Everything about him was old except his eyes and they were the same color as the sea and were cheerful and undefeated.
So, you're all probably wondering, on this Friday the 13th evening, how my son fared on his first day back at school. On a day notoriously and superstitiously unlucky, I dropped him off at 8 a.m. and watched him, looking very small, hobble into the building. (He took a spill on his scooter last night and hurt his knee.) It was difficult to let him go. In a weird way, it felt like I was sending him into battle.
I waited all day for my phone to ring. Each time it did, my stomach knotted. At 2 p.m., I started relaxing. At 3 p.m., I let out the breath that I didn't realize I'd been holding all day. When I finally got home, I felt like hugging him for a very long time. I didn't. Because he's a 13-year-old boy, and he would have thought I was having a stroke.

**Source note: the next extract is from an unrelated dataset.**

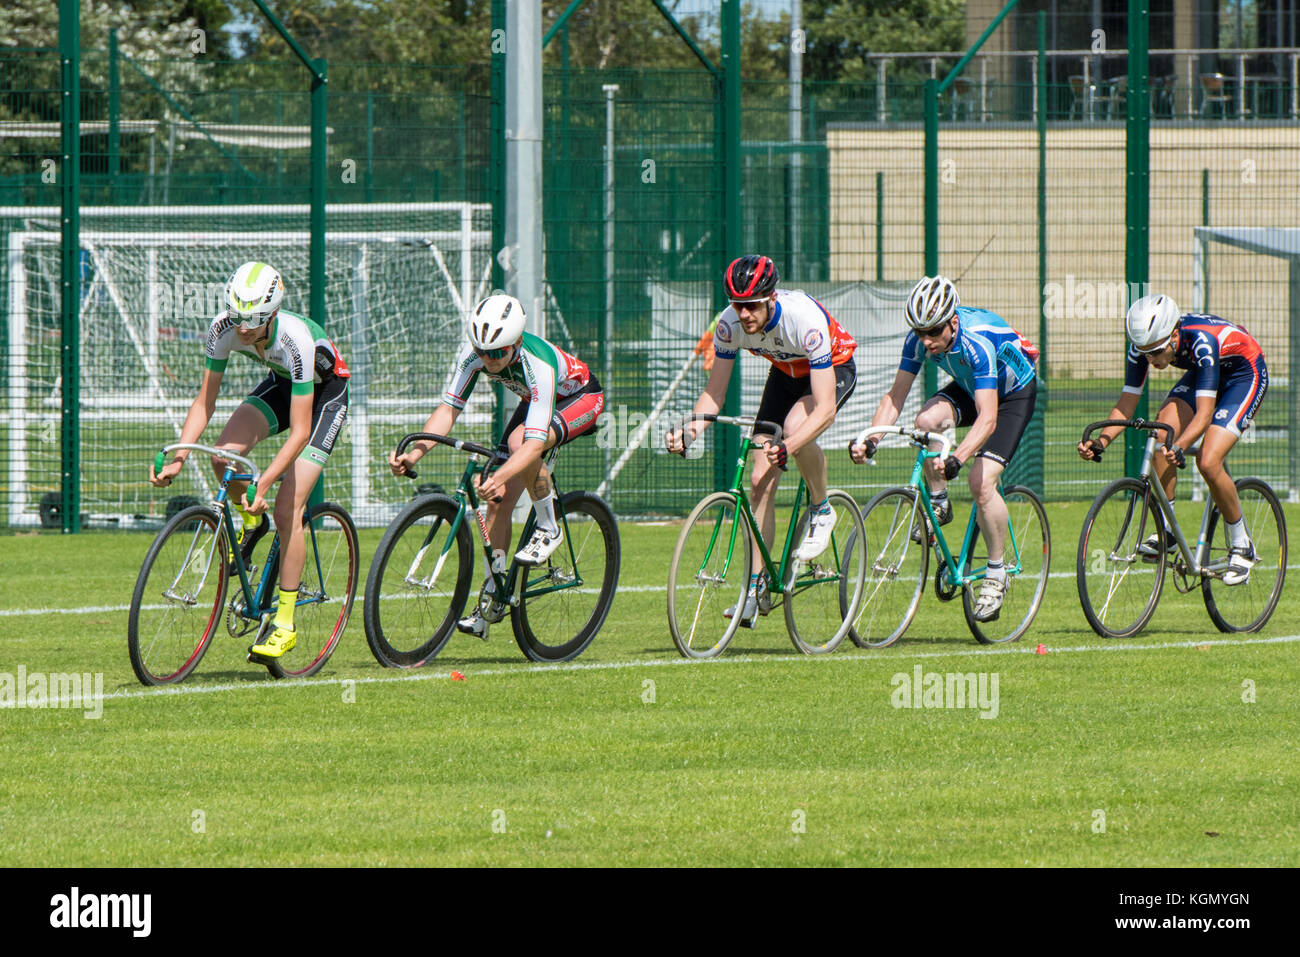 grass track cycling

I celebrated last night with my son. Got him Taco Bell. Watched a terrible Bigfoot movie with him. (We have gotten into the habit of looking for films with less than two-stars ratings, and then pulling a Mystery Science Theater 3000 on them.) We laughed really hard. Ate some popcorn. Let go of a lot of stress that's built up over the last seven days.
Friday the 13th. No Jason bloodbath. No Santiago bad luck. Just some chicken quesadillas and really awful acting (including guys running around in a terrible, store-bought gorilla costume). And a son full of joy.
Saint Marty couldn't have asked for a better unlucky day.